Following earlier action in September and October, workers began walking out late Tuesday during the rush hour in protest at plans to axe 800 jobs.
But the most severe disruption is expected during Wednesday's early rush hour as commuters battle to make it to work.
Transport for London will lay on 100 extra buses and more boats to allow 10,000 extra river journeys.
Mayor of London Boris Johnson said people in the capital "will not be deterred from their daily business by these pointless strikes."
Services are not set to return to normal until early Thursday.

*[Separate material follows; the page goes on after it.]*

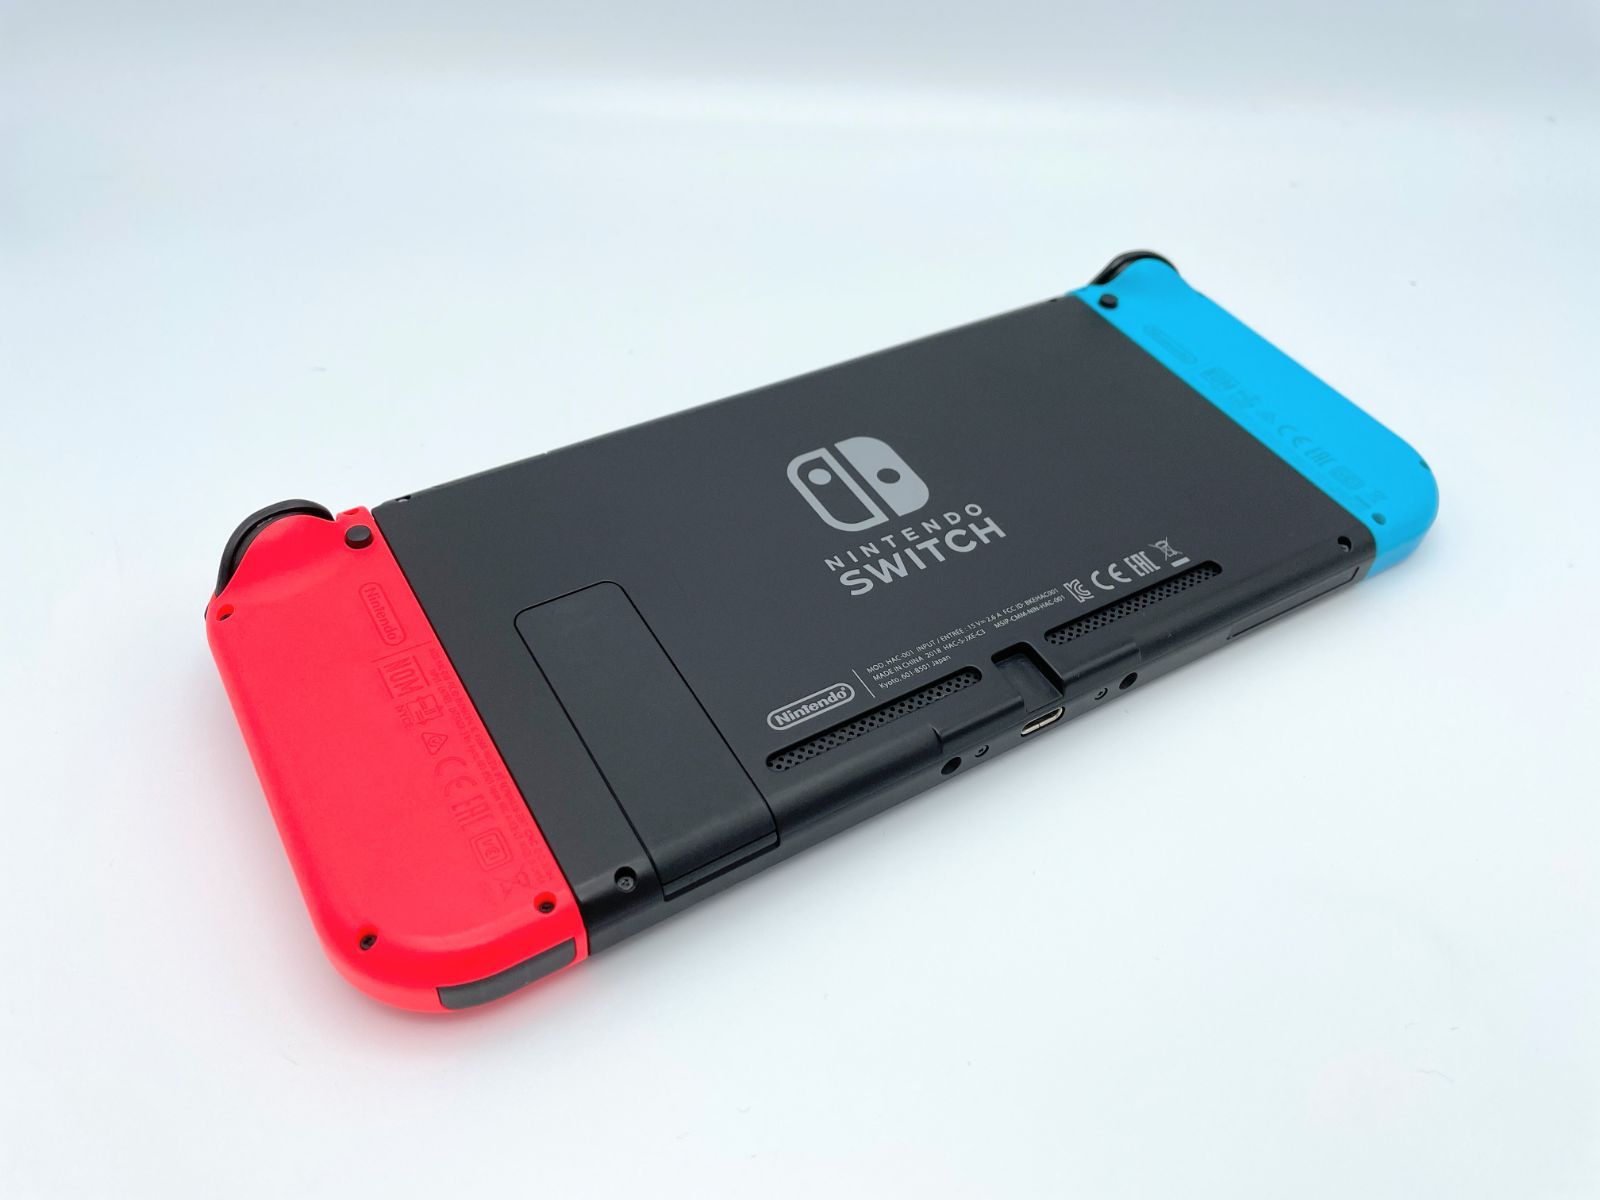 Nintendo Switch Joy-Con(L) ネオンブルー/(R) ネオンレッド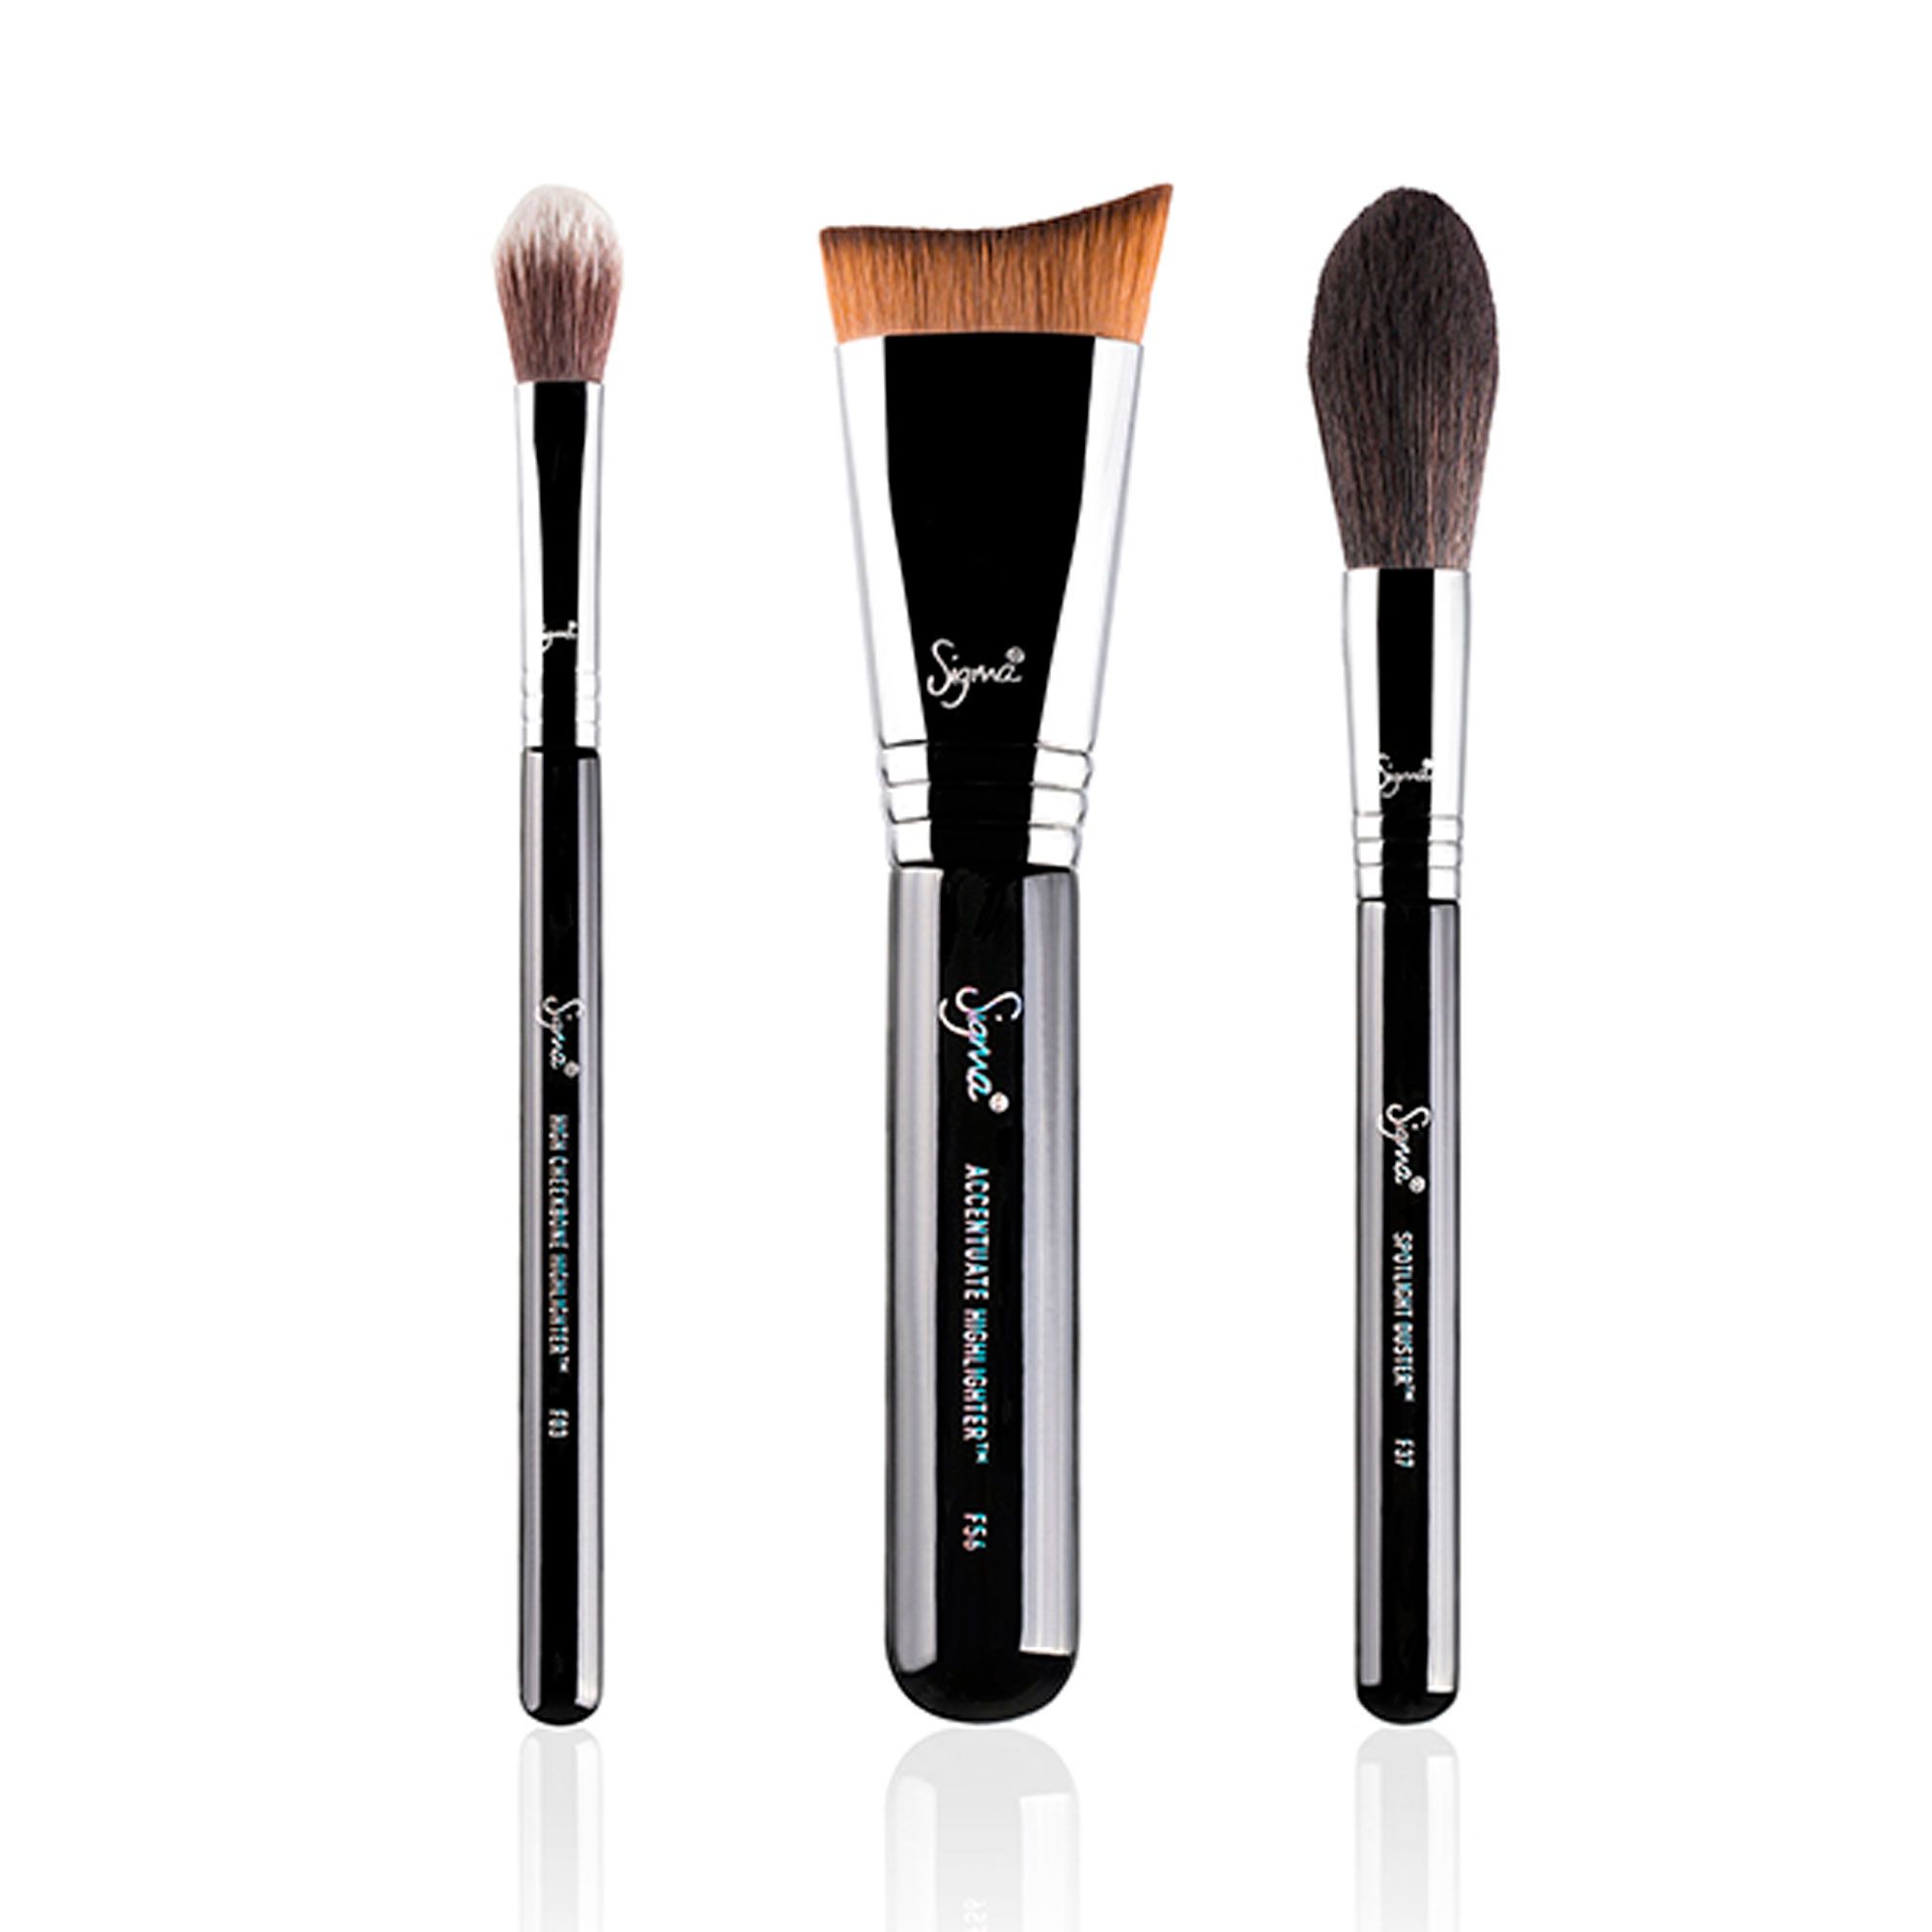 12 Best Makeup Brush Sets - Cute Makeup Brushes We Love

About 3.5 million Underground journeys are made on a normal weekday.
Union leaders -- who plan another stoppage at the end of November -- say the job cuts will affect safety and accused Johnson of dropping a pledge to keep Underground stations properly staffed.
Bob Crow, the leader of the Rail Maritime and Transport (RMT) union, said Underground workers had last week been commended at an inquest into the July 2005 bombings on the London transport system "yet among them are the very grades that the mayor is now intent on cutting."
Unions claim that although the majority of the jobs to be cut are in ticket offices, the staff contribute to the general security of Underground stations.
The planned job cuts come amid an austerity drive in Britain, where the coalition government last month announced average spending cuts of 19 percent across departments.
BBC journalists and London firefighters are both set to stage strikes Friday and Saturday, while the firefighters also held an eight-hour walk-out on Monday.